Воды не должно быть слишком много; наоборот, воды должно быть совсем мало — ведь не топиться же он собрался.
Почему считается, что люди кончают с собой в порыве отчаяния? Я, например, совершенно спокоен, даже доволен собой. Почему же не исправить совершенную ошибку? Если я знаю, что это единственное место, где мне было действительно хорошо, то почему бы тут же и не покончить со всем — теперь, когда я сам могу решать вопрос о собственном существовании. Правда, это не совсем то, но ведь и утроба матери была всего-то заполненным жидкостью сосудом.
Он поболтал в воде пальцем. Вода колыхалась, тихо манила. Сейчас он в нее погрузится, и вода постепенно начнет краснеть, терять свою прозрачность; он растворится в ней, согнув колени, и это мгновение навсегда останется с ним; никто, даже его мать не сможет лишить его этого мгновения.
Он согнул в локте левую руку и отвел назад кисть — не сильно, не так, чтобы мышцы напряглись, а в самую меру, так, чтобы ясно выступили вены и белый бугорок на сгибе.

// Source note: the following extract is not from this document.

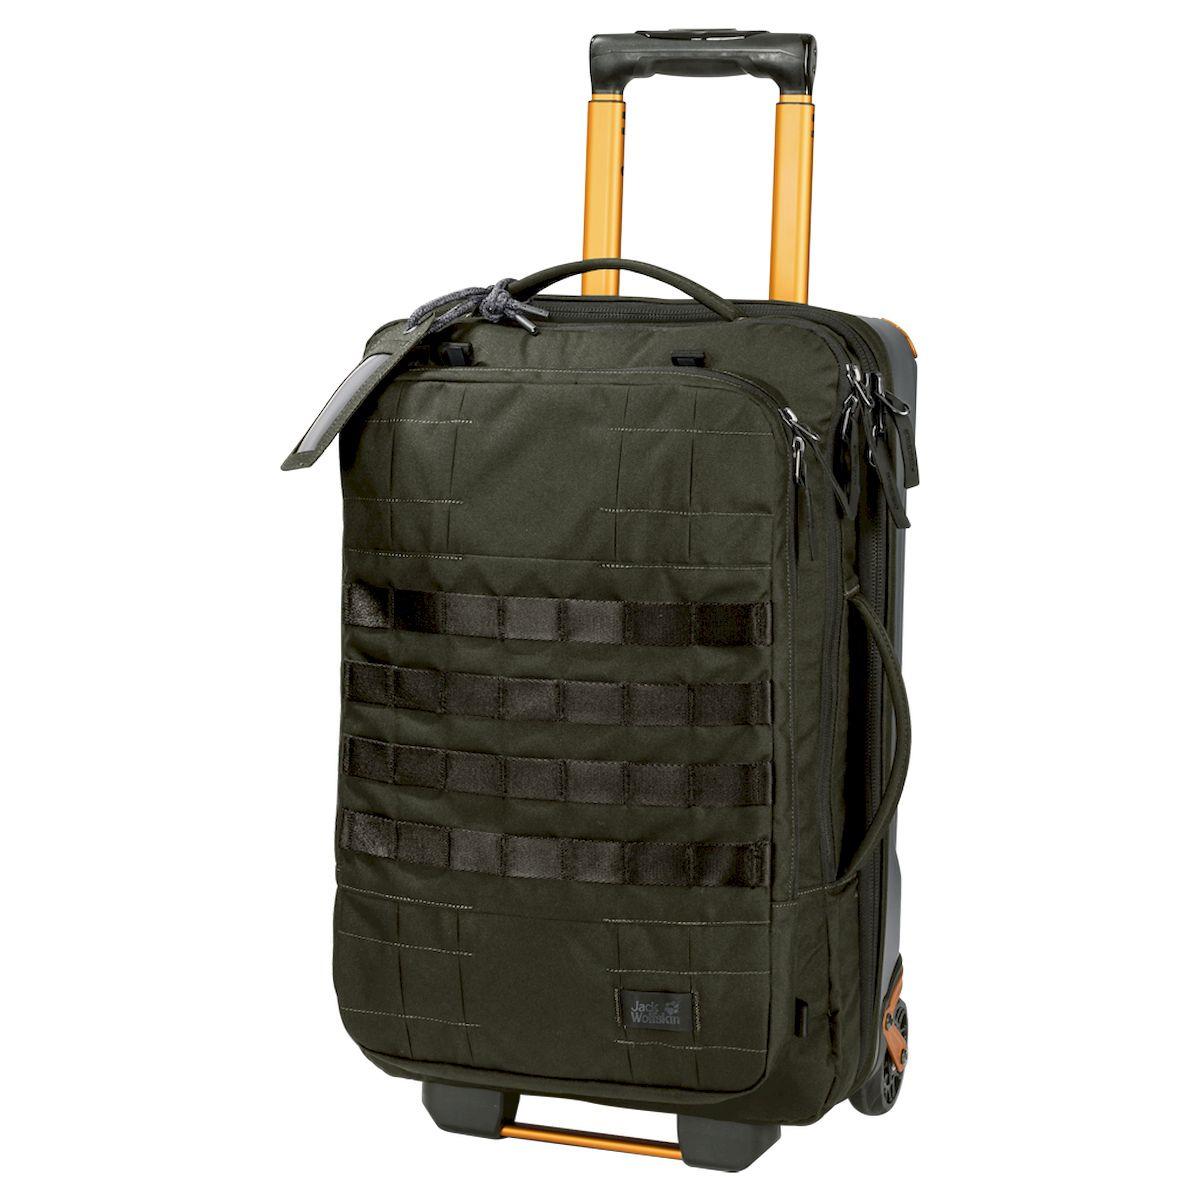 Чемодан Jack Wolfskin Trt Rail 40, 2007031-5043, оливковый2007031-5043Если ваша командировка плавно перетекает в небольшой отпуск, эта сумка — все, что вам нужно взять с собой. TRT RAIL 40 (ТиАрТи РЕЙЛ 40) подарит вам максимум возможностей, поскольку она сочетает в себе преимущества рюкзака и сумки на колесиках. В аэропорту вы можете спокойно катить сумку через терминал, после чего пристегнуть к ней лямки и бежать на автобус. TRT RAIL 40 (ТиАрТи РЕЙЛ 40) оснащена множеством практичных карманов и отделений, помогающих аккуратно разместить все ваши вещи. Эластичный ремень в основном отделении удерживает содержимое сумки на месте, пока вы спешите к следующему пункту назначения. TRT (ТиАрТи) — прочный, выносливый, технологичный — эксклюзивная серия дорожных сумок и рюкзаков для технарей, предпочитающих вещи, сделанные на совесть. По размеру сумка отвечает требованиям к ручной клади и спереди оснащена многочисленными петлями для снаряжения. Водонепроницаемая ткань, из которой сшита сумка, легко справится с кратковременным ливнем.
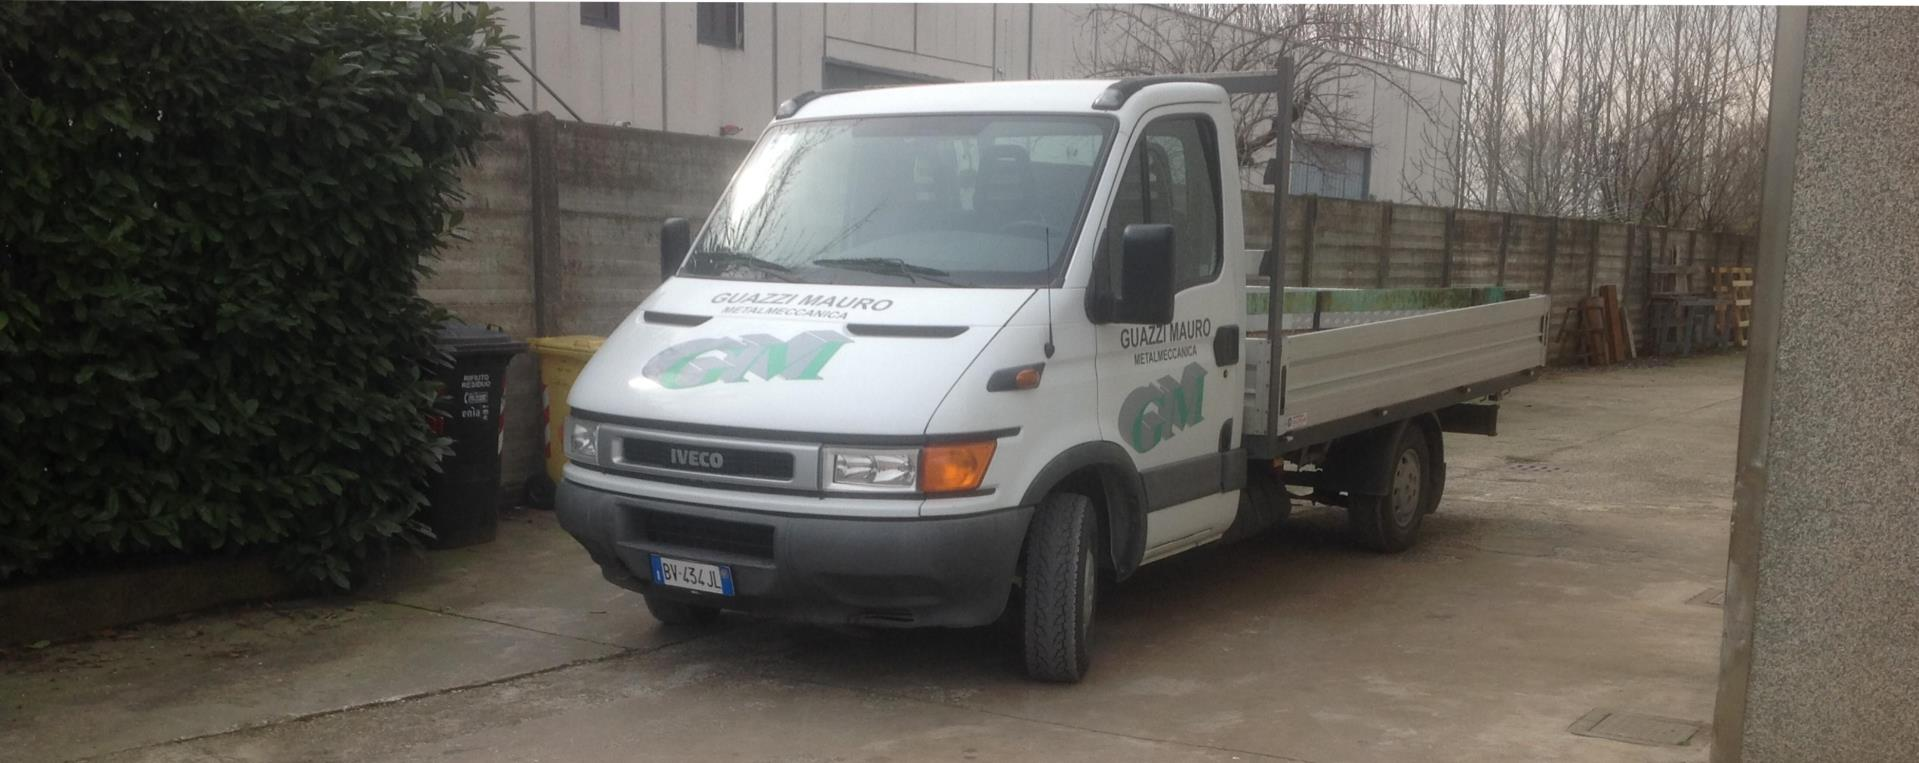 Lavorazione conto terzi Parma lavorazione lamiere Parma

Он смотрел на эти две тонкие голубые линии под кожей: чудно — через них может вытечь кровь из всего тела. Но сможет ли он сделать порез? Он решил сперва попробовать: приложил лезвие к безымянному пальцу левой руки, так что показалось, будто оно врезается в плоть, правда, не очень глубоко, затем отвернулся и резко дернул.
Зачем я отвернулся! — упрекнул он себя. Порез получился неровным; потекла кровь и заструилась с пальца в ладонь, закапала на пол, заблестела темным пятном на блекло-красных керамических плитках. Он сунул палец в ванну. Вода вокруг пальца быстро окрасилась в красный цвет, палец приятно заныл. Он снова поднял руку и согнул ее в локте. Полоснуть — само по себе не трудно; это — как летом бултыхнуться в холодную воду, просто не следует тянуть.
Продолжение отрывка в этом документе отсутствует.